Текст: Игорь Шумейко
Я несколько раз неуклюже пытался объяснить Владимиру Николаевичу, почему из его рассказов мне особенно запал «Вася, отбрось костыли». Жулики-попрошайки Вася с женой бредут по электричкам – вылитые, показалось мне, лиса Алиса и кот Базилио. А неразделимо-неслиянный со своими героями рассказчик Крупин тянет нить разговора с ними, держит единственно возможную интонацию. В общем, таковы все повести и рассказы его сборника «От застолья до похмелья. Русский взгляд на глобализм» (М.: Алгоритм, 2007). Все они объединены этой интонацией, но в «моем» рассказе поразителен абсолютный минимум реплик рассказчика, их полная бытовая простота и достоверность. Эти же слова Васе мог сказать любой мужик в Сергиево-Посадской электричке: ни поучений, ни сектантского «просветительского» азарта (Вася побывал и у таких), ни грамма заискивания перед «простым народом».
Тут невольно тянет сопоставить писателей-деревенщиков второй половины XX века и народников второй половины века XIX, с их знаменитым хождением в народ. Те – да, злились на непонимание, а с другой стороны, заискивали перед народом, гордились ловкостью написания подложных, подстрекательских «Царских манифестов»… И закончили сварой, террором.
Нынче кризис доверия, взаимопонимания поистине глобальный: заискивание и перед любыми меньшинствами, и перед «народом» в убого-политкорректном понимании. Возможно, именно этот обрыв связей возвратит внимание к «деревенщикам», даже если их будут читать уже с каким-нибудь «Словарем деревенских терминов России». Интонация-то разговора остается единственно возможная.
В той великой плеяде: Абрамов, Распутин, Белов, Астафьев, Носов, Шукшин – есть и имя Владимира Крупина. Валентин Распутин говорил: «По работам Владимира Крупина когда-нибудь будут судить о температуре жизни в окаянную эпоху конца столетия. Его творческий опыт уникален.
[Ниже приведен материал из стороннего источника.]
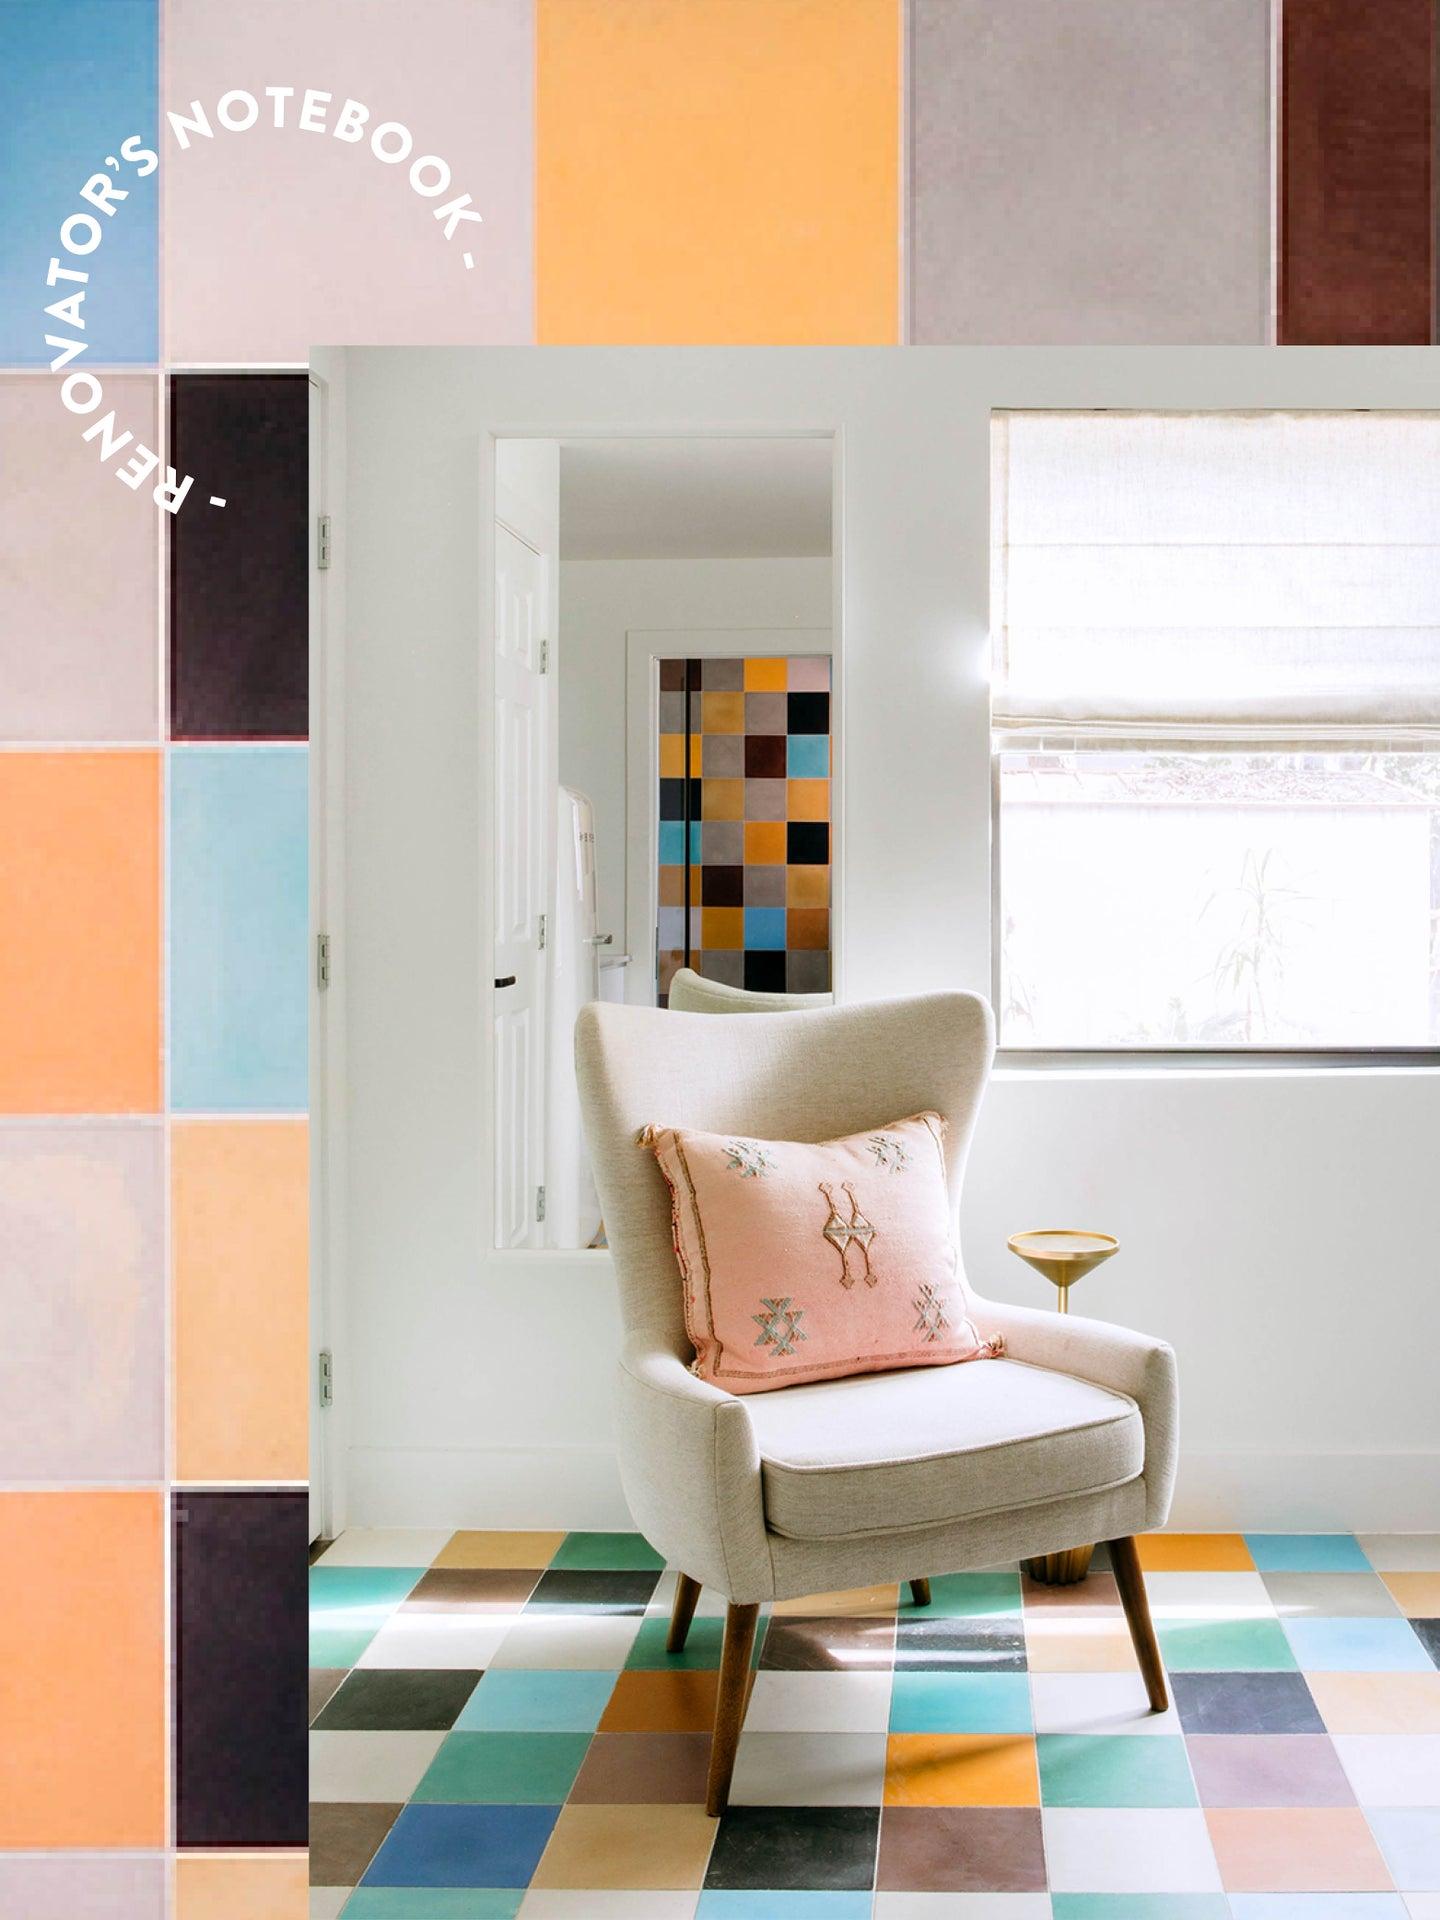 chai r in a corner of tiled bedroom

Он решительнее большинства из нас».
В дневниковых записях с названием «Родные половицы» он вспоминает старую лошадь Партизанку, мобилизованную, прошедшую всю Отечественную войну и демобилизованную и работавшую в родном колхозе.
Помню парадное издание, представлявшее лауреатов Патриаршей премии портретом лауреата, биографической справкой и фрагментом его текста. У Владимира Крупина тогда было издано немало книг под стать премии: о Святой земле, Святом Афоне… Но в то издание он включил рассказик... о кошке Муське. Хозяева решили продать дом, собираются, кошку на новое место не берут: куда, ей восемнадцать лет. Кошка чувствует это, ловит из последних сил мышей, помирает. Похоронили ее, завернув в старое хозяйкино платье. Перед самым отъездом хозяйка перебирает старые фотографии и на одном снимке видит себя – девочку, в том самом, новом тогда платье, а на коленях котенок Муська.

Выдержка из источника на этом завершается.